Она осклабилась, выставив напоказ гнилые зубы:

— Отвали, Боб. Черт возьми. Я только что родила ребенка — не могу я сейчас присматривать за всей этой оравой и делать работу по дому.

— Вот именно, дорогая: ты совсем не присматриваешь за детьми, так ведь? Посмотри вокруг. Дети заброшены, дом тоже. В корзине для подгузников в ванной завелись черви, потому что ты не выносишь мусор. Таша, все это не очень хорошо.

Она рассмеялась:

— Пей свой чай и не нуди, черт тебя подери. Мать приедет в выходные и уберется, а я наконец смогу отдохнуть.
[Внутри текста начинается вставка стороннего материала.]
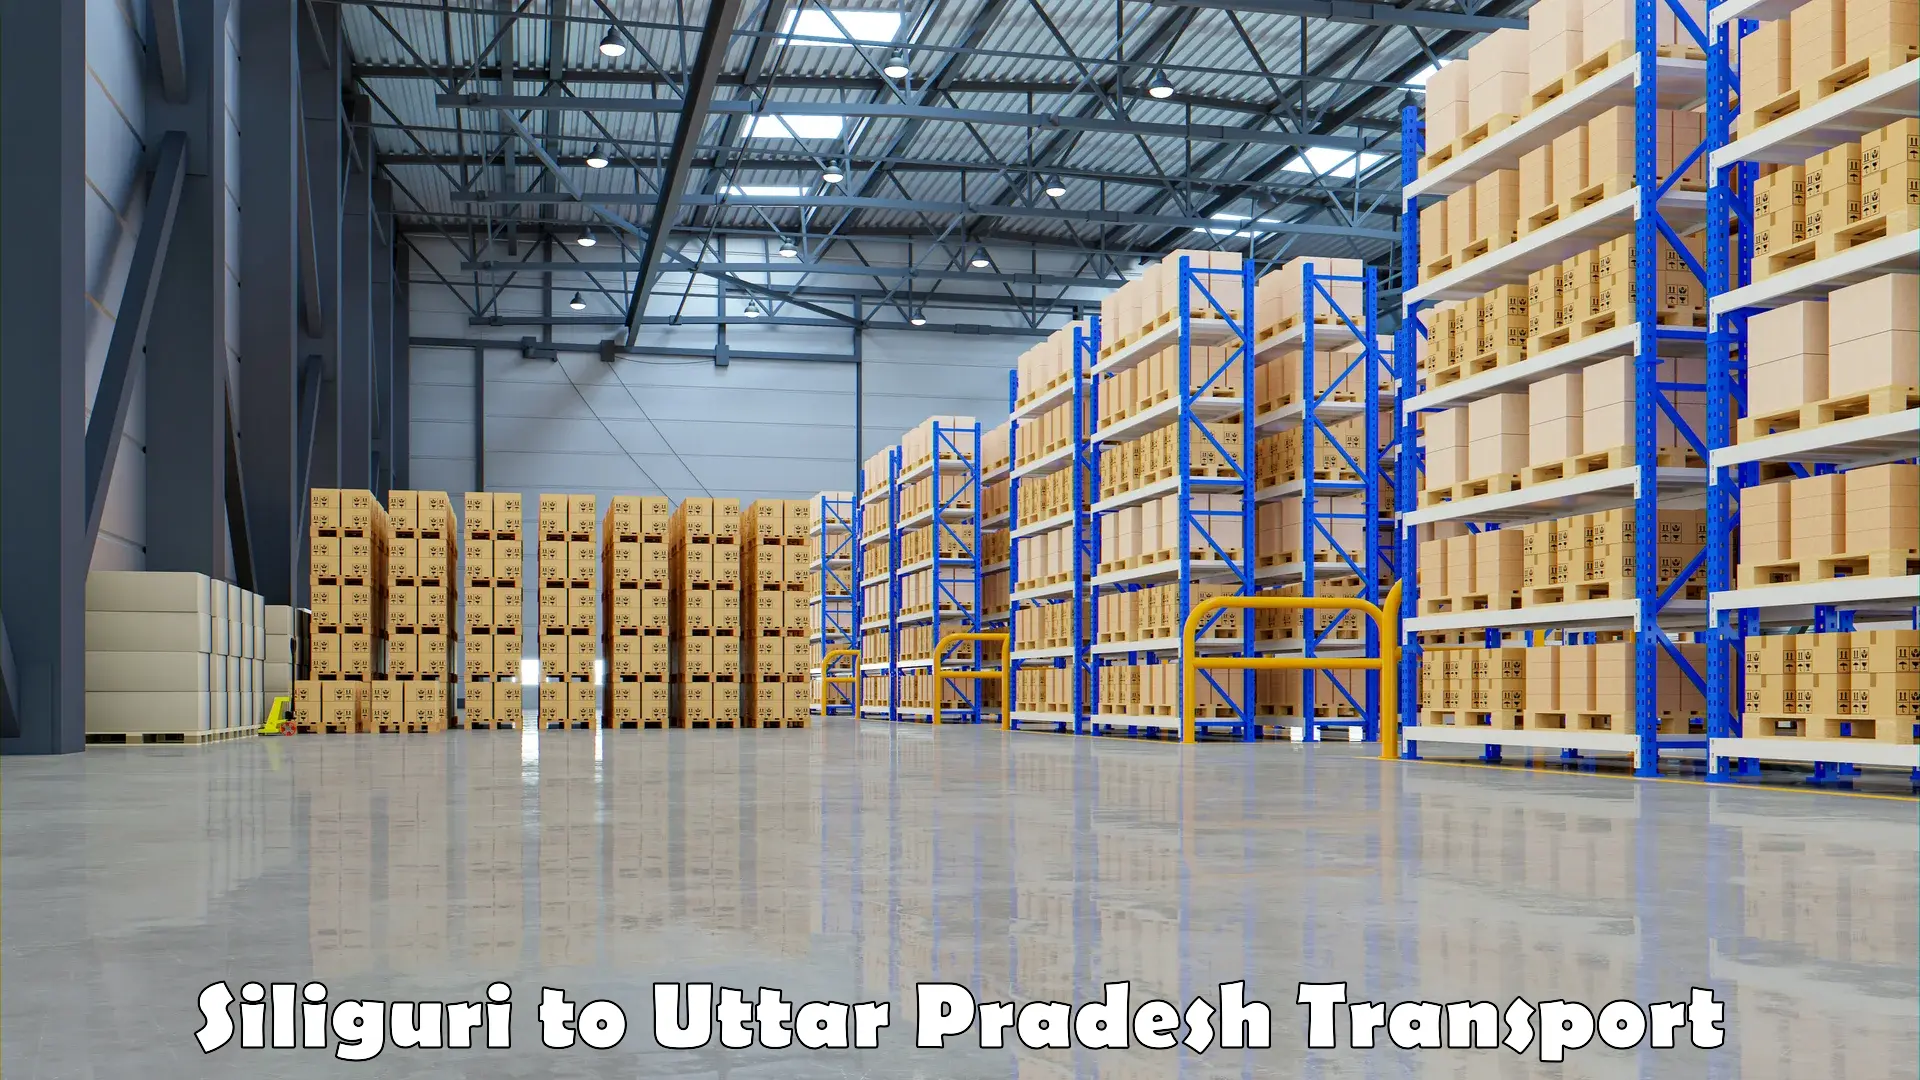 Daily parcel service transport Siliguri to Bareilly
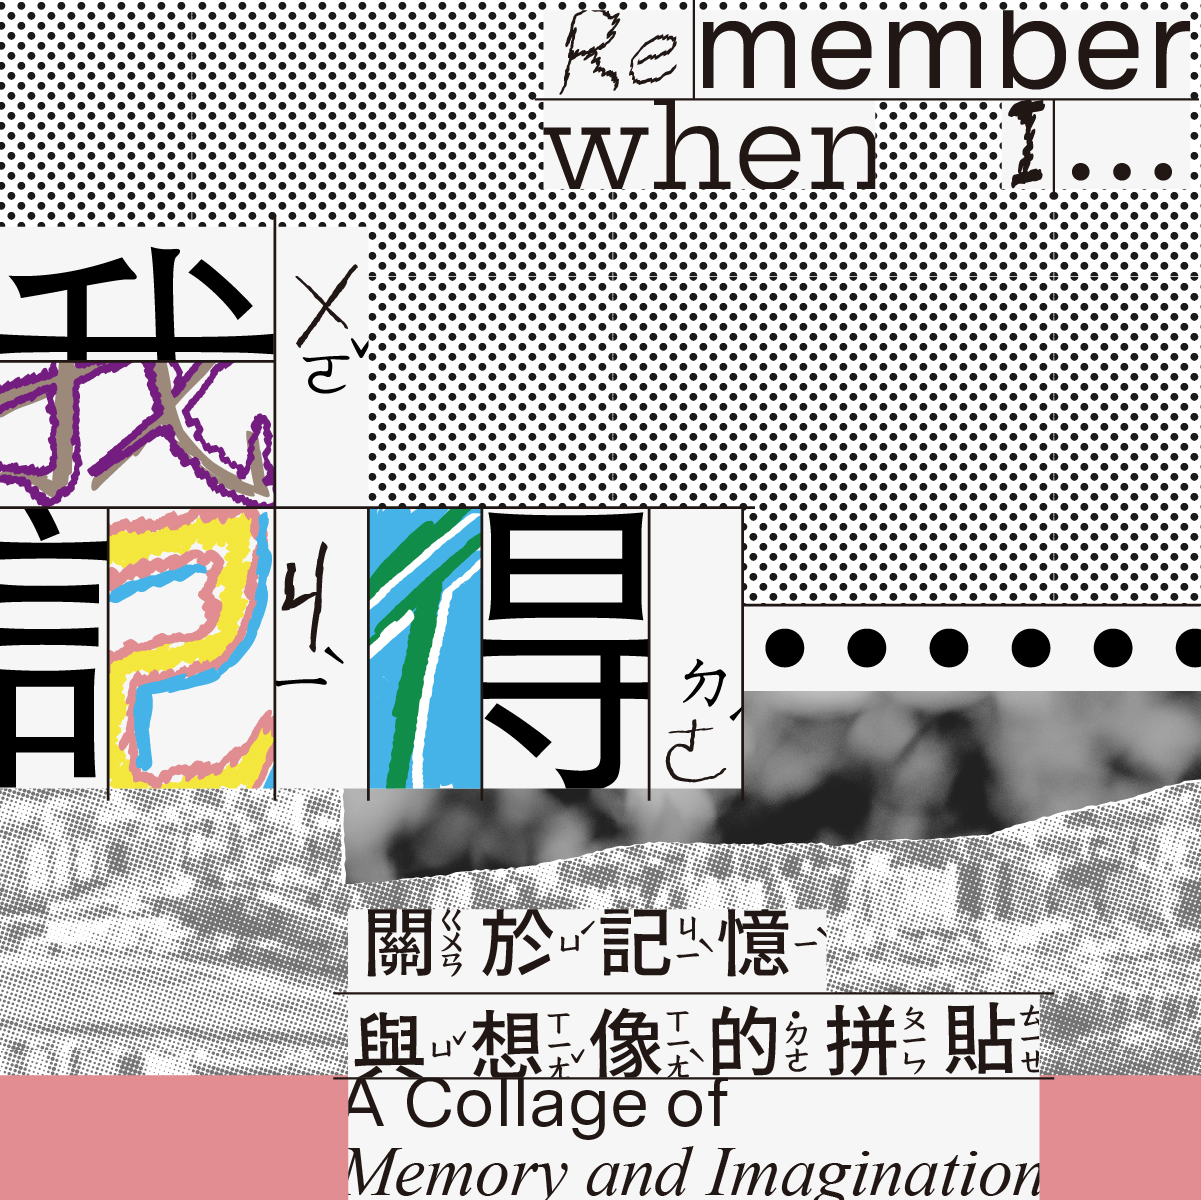 “Remember When I...”: A Collage of Memory and Imagination

— Мне ведь придется написать отчет, Таша. Мы много раз давали тебе возможность исправиться. Мы поселили тебя в новую квартиру, а твою старую пришлось всю продезинфицировать. Ты клятвенно мне обещала, что начнешь жить нормально. Но ты только распиваешь чаи, куришь и треплешься со своими подружками. Скоро у тебя отберут детей, дорогуша, и я не смогу тебе ничем помочь. Это будет не в моих силах.

Дети плакали, их громкий рев действовал на нервы.

Таша схватила самого младшего ребенка и положила его на диван. Она развернула пеленки, и едкий аммиачный запах защипал глаза. Попка малыша была вся красная от сыпи, он заходился в истерическом плаче, молотя по воздуху ручками с судорожно сжатыми кулачками. Таша безучастно смотрела на него.

— Нет, ты только послушай, как он орет, горластое отродье. — Она ткнула его в попку булавкой, отчего рев стал еще громче.

— Прекрати! Прекрати немедленно, Таша!

— А ему нравится, всем моим детям это нравится. Закаляет, знаешь ли. Пригодится, когда подрастут. Моя мама делала с нами то же самое, и ничего с нами не случилось.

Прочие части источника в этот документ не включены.